Bebeğin ağlayışıydı duyduğun.Bak yatağında yatıyor , ona ben bakıyorum evet.Herşeyimle kirli değilim dostum , saf olanı da yaşatabiliyorum içimde.Onunla vakit geçirmek hoşuma gidiyor , gülümsediği zaman evrenin bir köşesinde yeni dünyaların varolduğunu hissediyorum.Bu hissi yaşadığım an geçmişe dönüyorum.İlk olarak kadınımda hissettim bunu , şimdi uzakta olanda.Gülümseyişinin dünyanın en güzel şeyi olduğuna karar vermiştim onu ilk gördüğünde , o gülümsediğinde tanrı da gülüyor ve yeni ruhlara biçim veriyordu.Sonra kadınımın da yaratıcı olduğunun farkına vardım , o gülümsedikçe beni yaratıyordu , karanlığı siliyor , yıkıyor ve yeniden yaratıyor.Bir gün benimle yaptığın bu konuşmadan birşeyler kazandığın için sevinecek olursan ona teşekkür etmelisin.Siyahın rengini açtı o , ben de gülümsedim ve ruhlarımız birleşti sonsuza kadar.Şimdi uzaklarda o , ama gelecek.Bana beklememi söyledi , ben de bekliyorum.Bana beş dakika ver , ağlatmamalıyım bebeği , o hak etmiyor.
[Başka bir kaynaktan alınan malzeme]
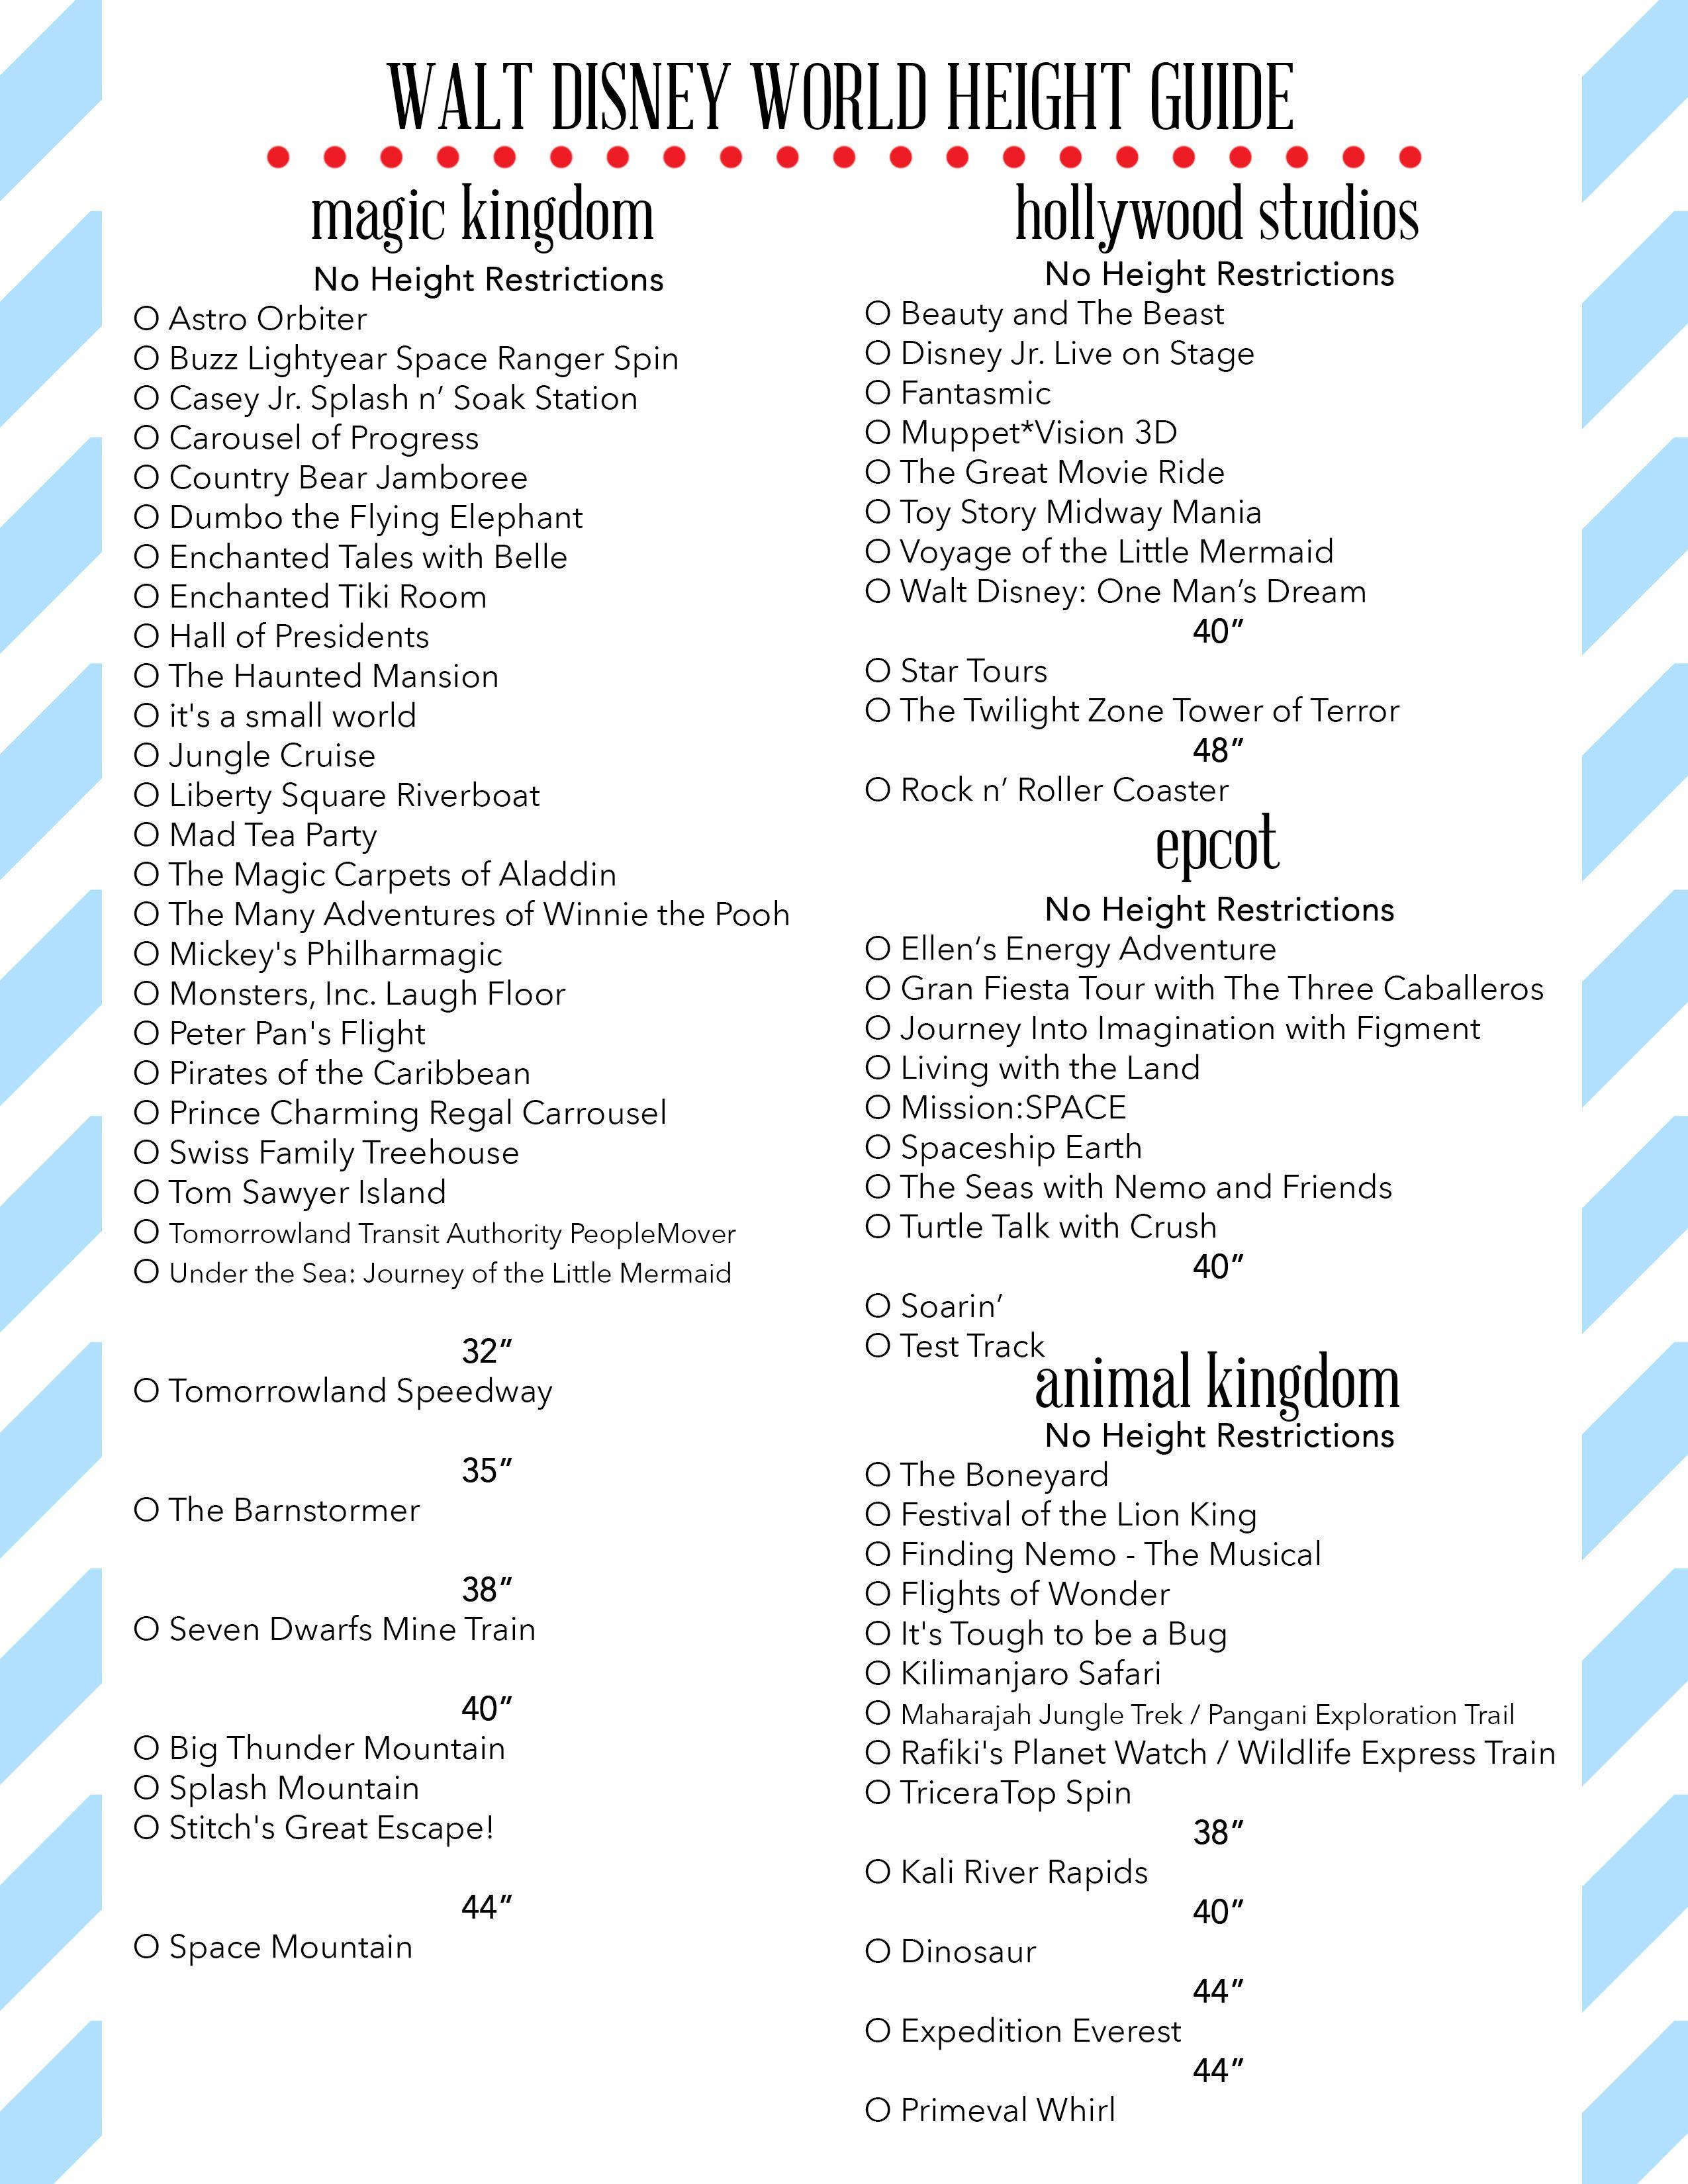 Free Printables | Disney World Rides, Disney World regarding Printable List Of Rides At Disney World 2020 Checklist

Konuşurken gözlerimin içine bak beni anlamak istersen.Tabii buna cesaretin varsa.Genelde korkak olur insanlar ; bilmedikleri ya da bildiklerinin tersi olan herşeyden korkarlar.Evet , korku gibi önemli bir kavramın da içini boşattık yavaşça.Oysa hangi kapıda yalnız bıraktı ki o bizi ? Sevgi , dostluk , aşk ...Teker teker arkada kalıp bize el salladılar insanlığın yaşadığı değişimlerde.Belki de bizi terketmelerinin sebebi sadece insanda anlam bulan kavramlar olmalarındandır.Her değişim uzaklaştırdı bizi yaradılışımızdan , şimdi elimizde sadece karanlığın gölgesi kaldı : korku...Ben ise buna sığınabiliyorum , insanlık reddetti beni. Tıpkı bir zamanlar şeytana yapılan gibi.Boyun eğmemek olmamalı en yüksek suç ; niye böyle bir şey karşısında bir varlık en aşağılık görevle baş başa bırakıldı ki : bozulmuş , dejenere olmuş ,kendine ait olan herşeyden uzaklaşmış olan bir insanlığı yoldan çıkarmak...Başını eğme lütfen , yaşadığım ilk ciddi uyanış karşısında bende aynı şeyi yaptım.Bildiğin herşeyin , bugüne kadar ona dair ideallerinin olduğu bir dünyanın aslında "varolan " olmadığını öğrendiğim zaman.Kafamı eğdim ve düşündüm.Oysa bu bana hiçbir şey kazandırmadı.Aksine bulduğum her yeni fikirden şüpheye düştüm.Eskilerin doğruluğuna körü körüne inanan insanlar vardır hani.İşte böyle...Gel sana dünyanın yeni hükümdarının öyküsünü anlatayım...?...Şaşkınlığımı bağışla , dışarıdan gelenlerin soru sormalarına pek alışkın değilim de.İnsanların karar verir genelde , yargılamayı denediklerine çok az şahit oldum.Neyse.Bunu bana kimin anlattığını bilmek hakkın tabii ki.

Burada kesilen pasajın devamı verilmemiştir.